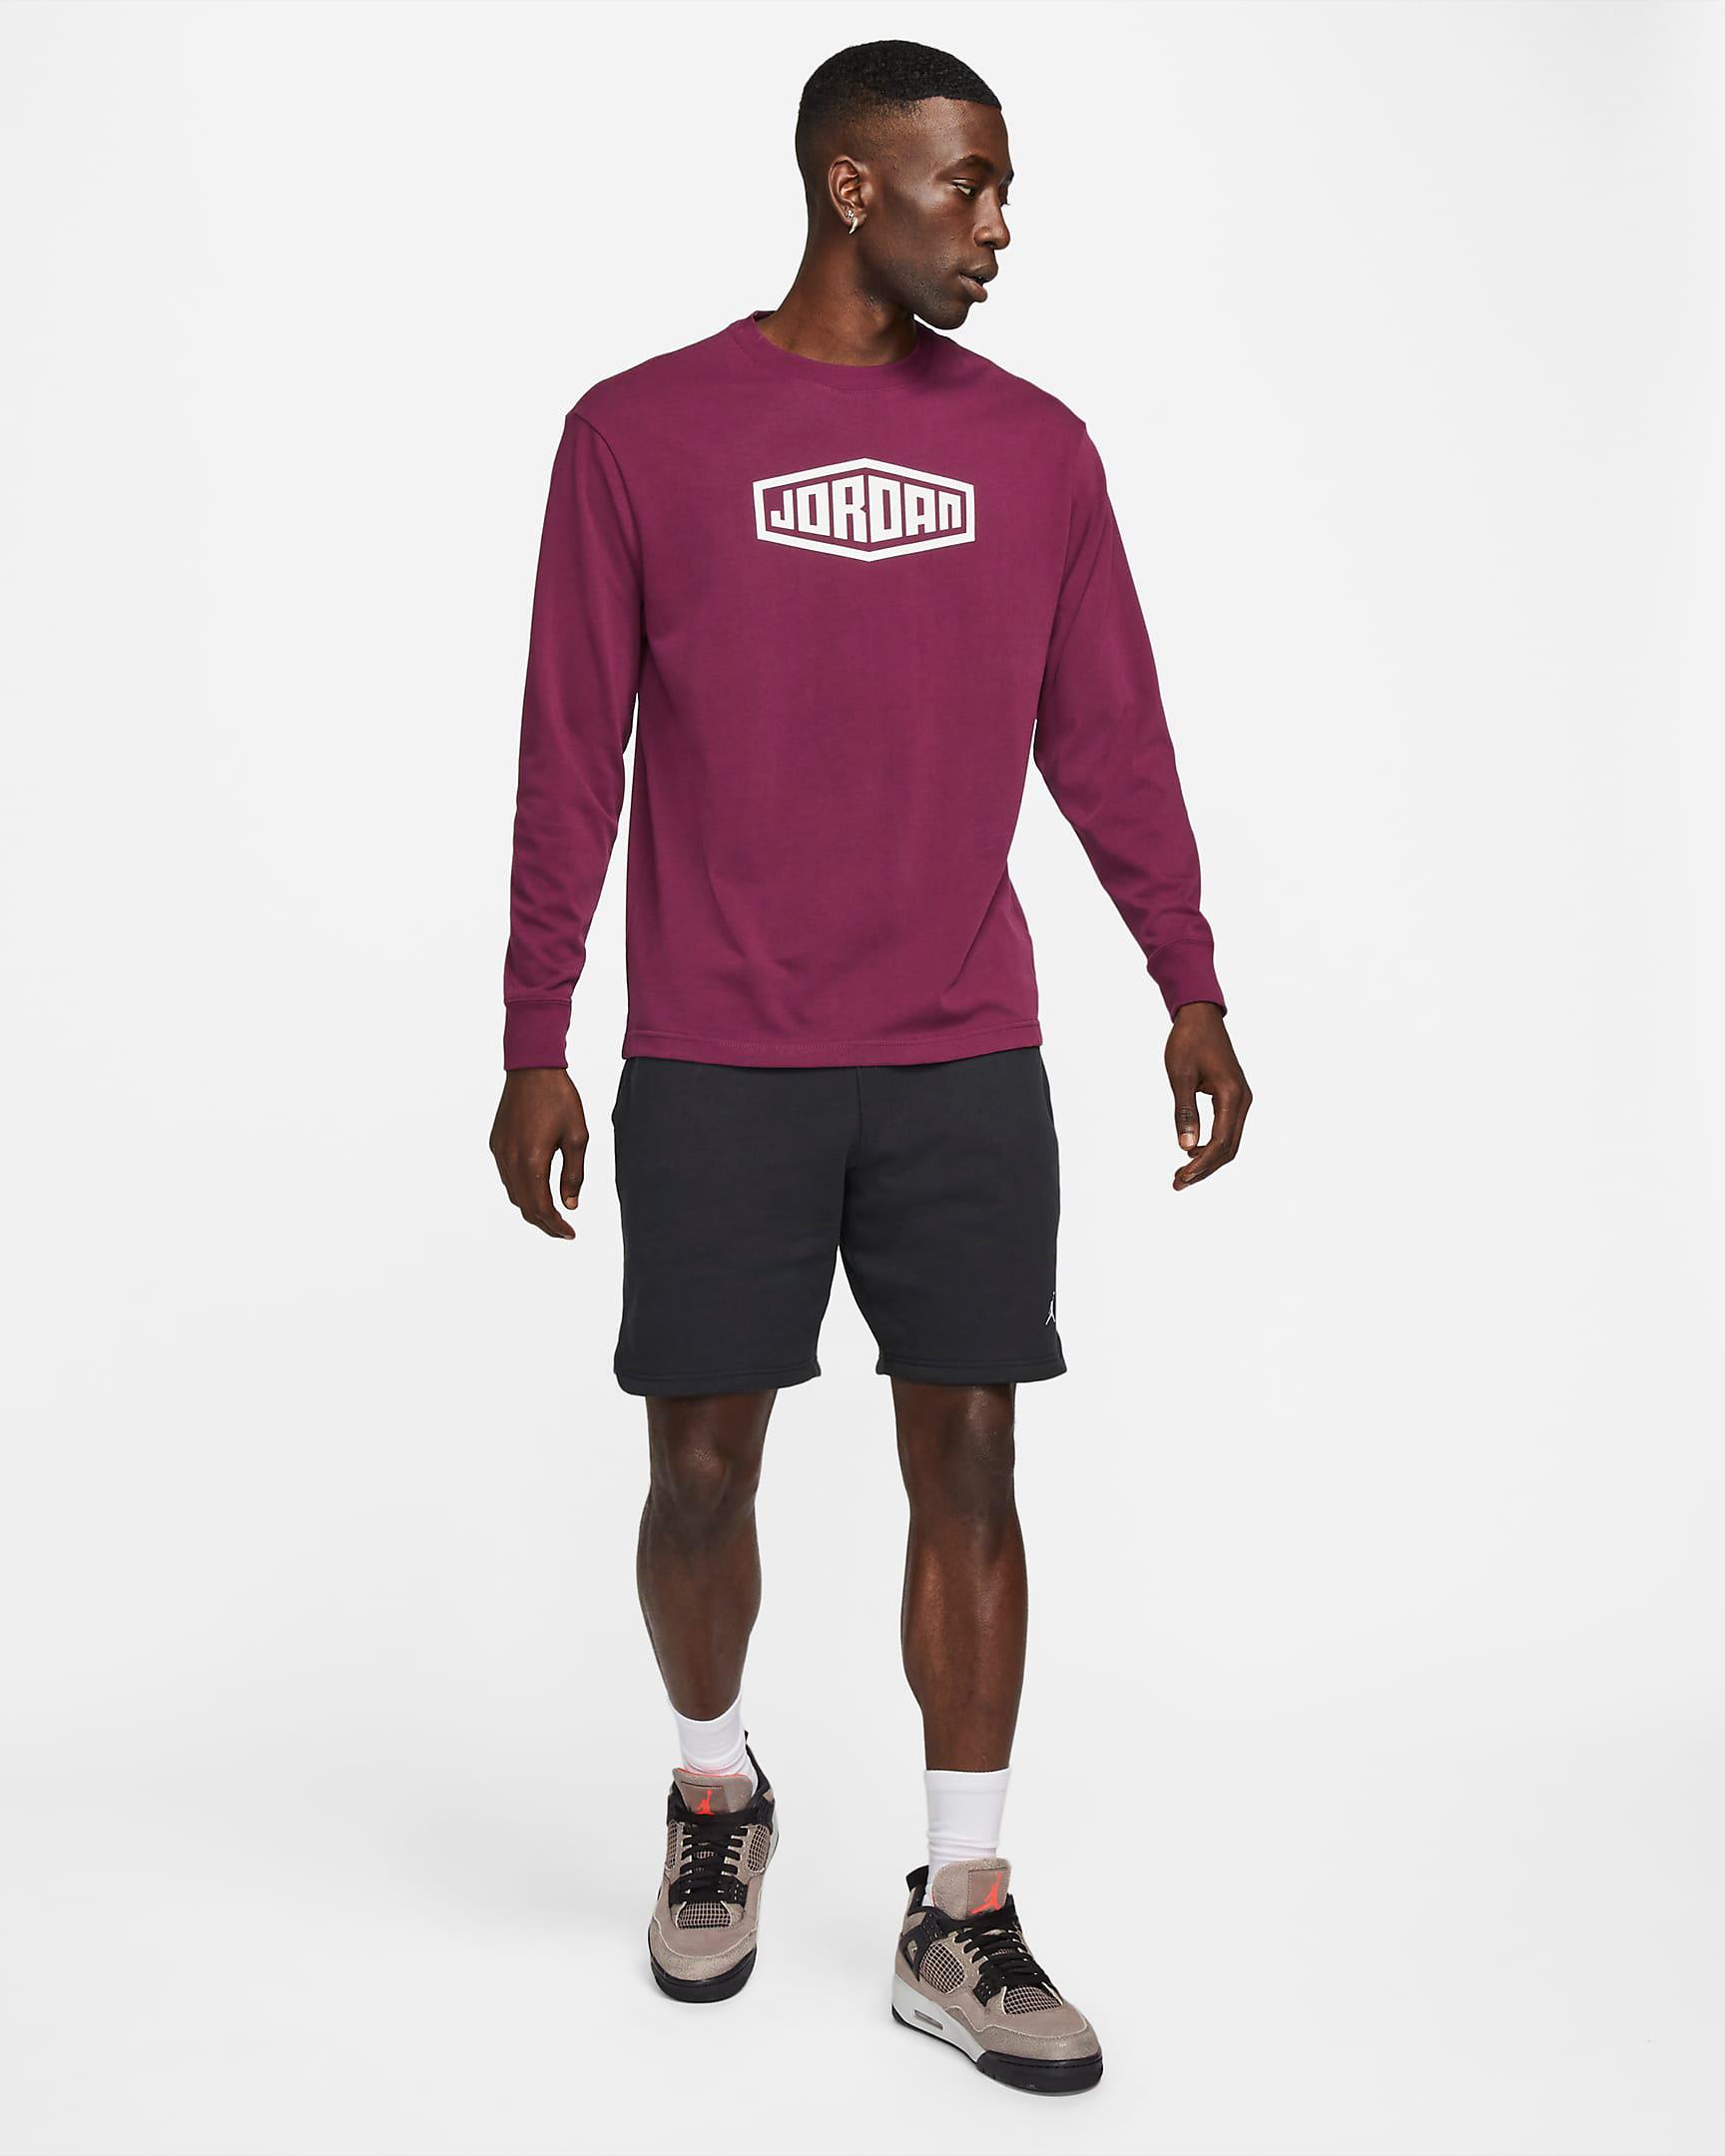 jordan-bordeaux-sport-dna-long-sleeve-shirt-outfit
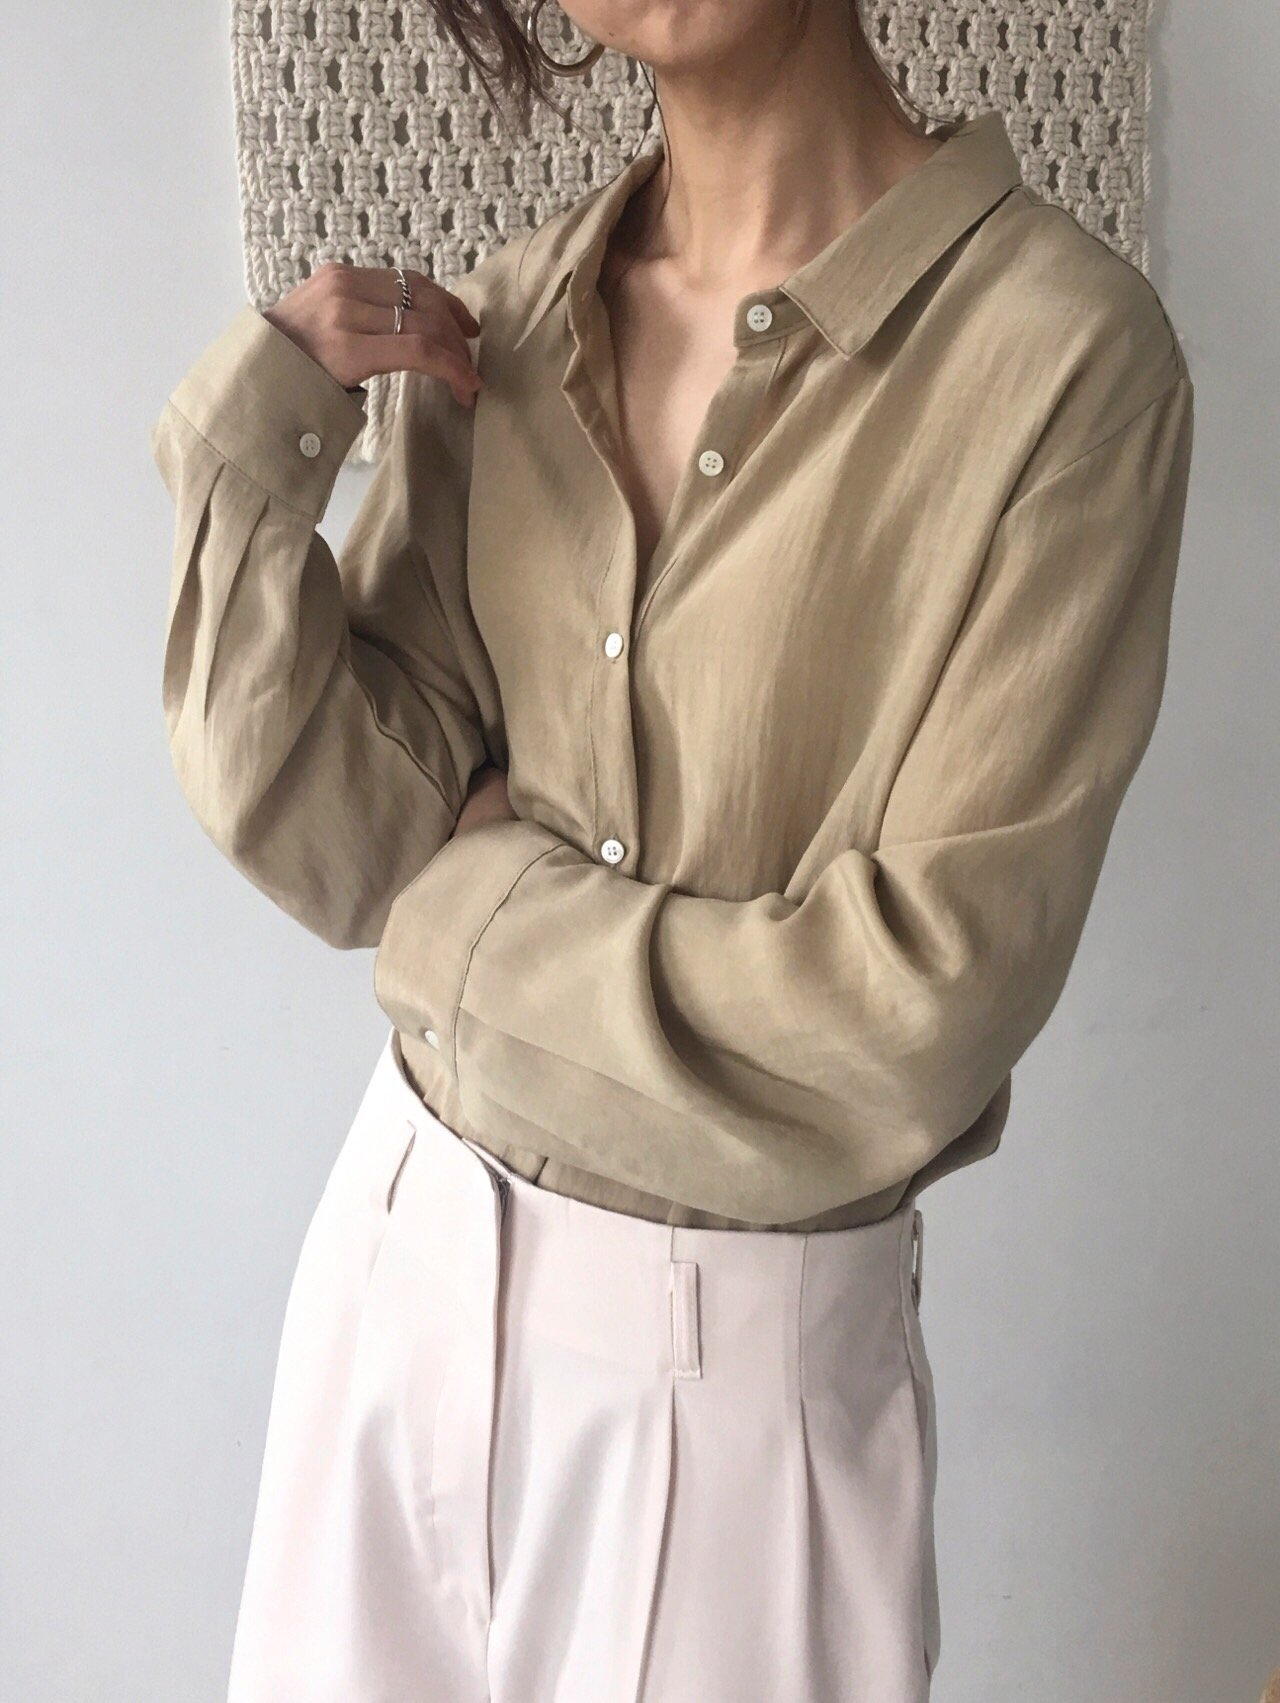 8369289dba7 루즈핏셔츠 여자루즈핏셔츠 여자셔츠 여성셔츠 여자남방 여성남방 핑크셔츠 베이지셔츠 여자봄셔츠 여성봄셔츠
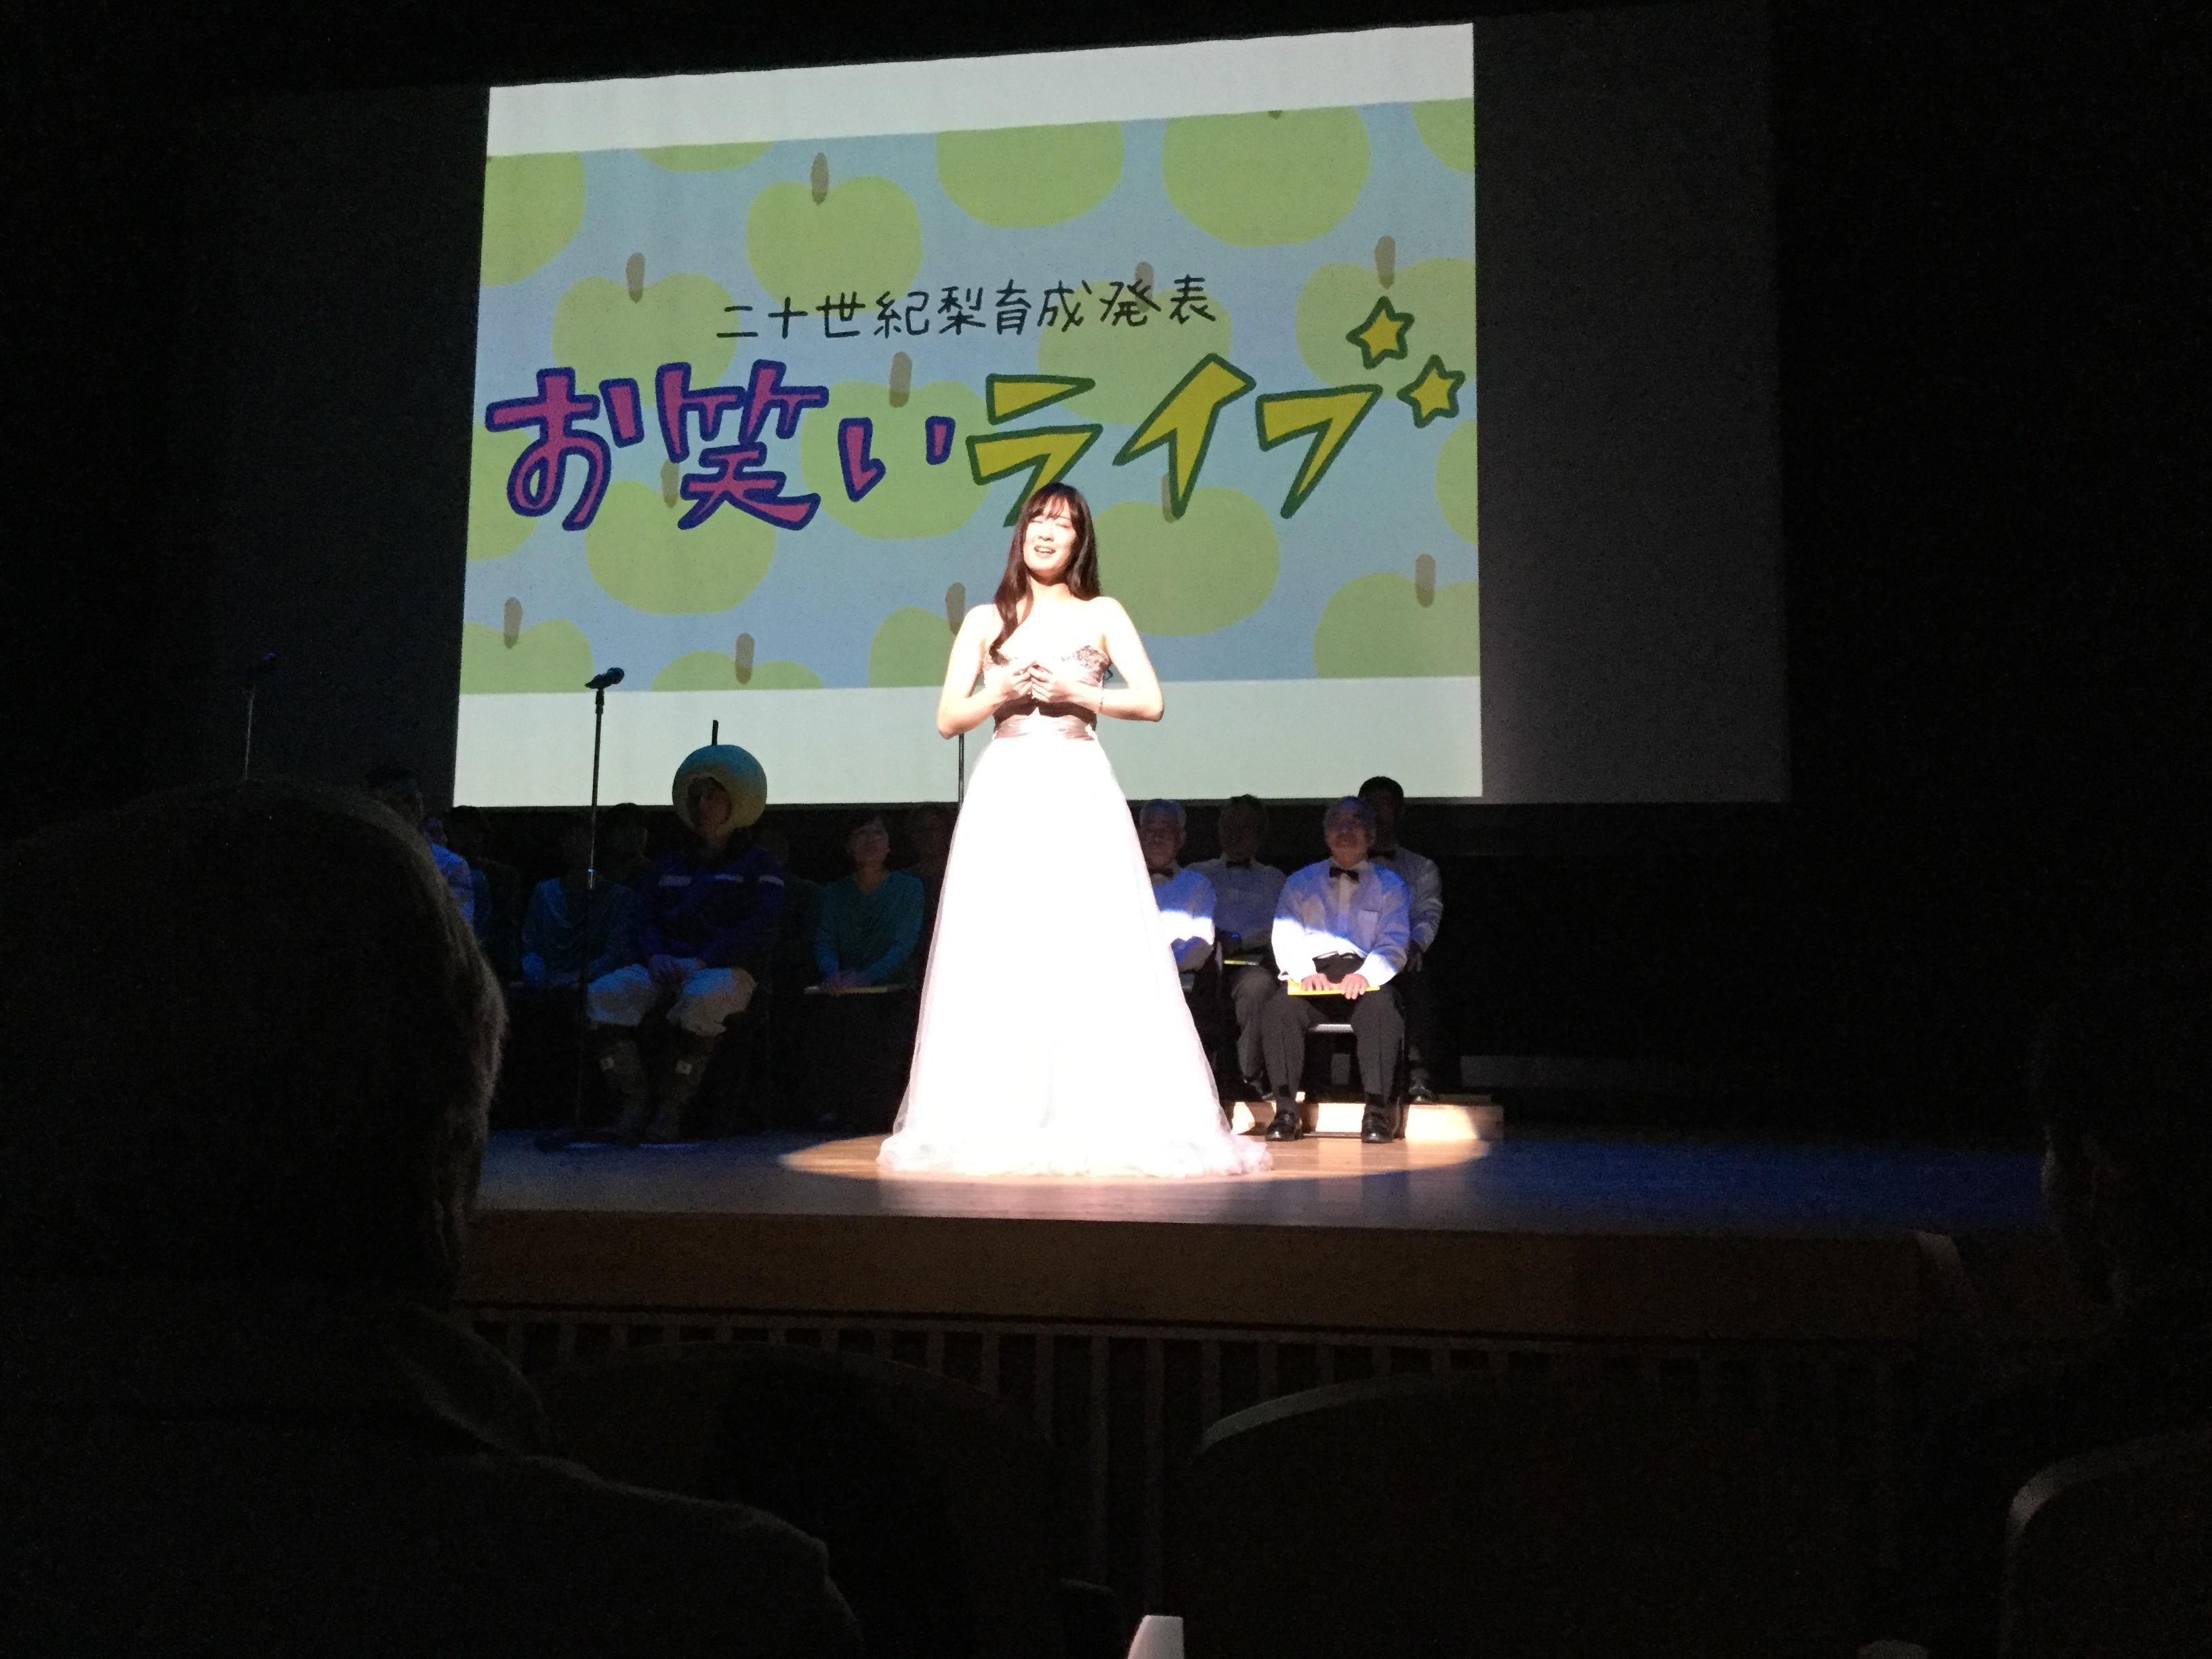 http://news.yoshimoto.co.jp/20180214202446-c627ca7e9e1cfcb4713f69167ad4206caa9a19f3.jpg

● ● ● ● ●

**Your instructions:**
Output verbatim the lines beginning at the line with "8369289dba7 루즈핏셔츠 여자루즈핏셔츠" and ending at the last line of the material above, inclusive. Do not carry over any pictures.

**Task answer:**
 8369289dba7 루즈핏셔츠 여자루즈핏셔츠 여자셔츠 여성셔츠 여자남방 여성남방 핑크셔츠 베이지셔츠 여자봄셔츠 여성봄셔츠
 http://news.yoshimoto.co.jp/20180214202446-c627ca7e9e1cfcb4713f69167ad4206caa9a19f3.jpg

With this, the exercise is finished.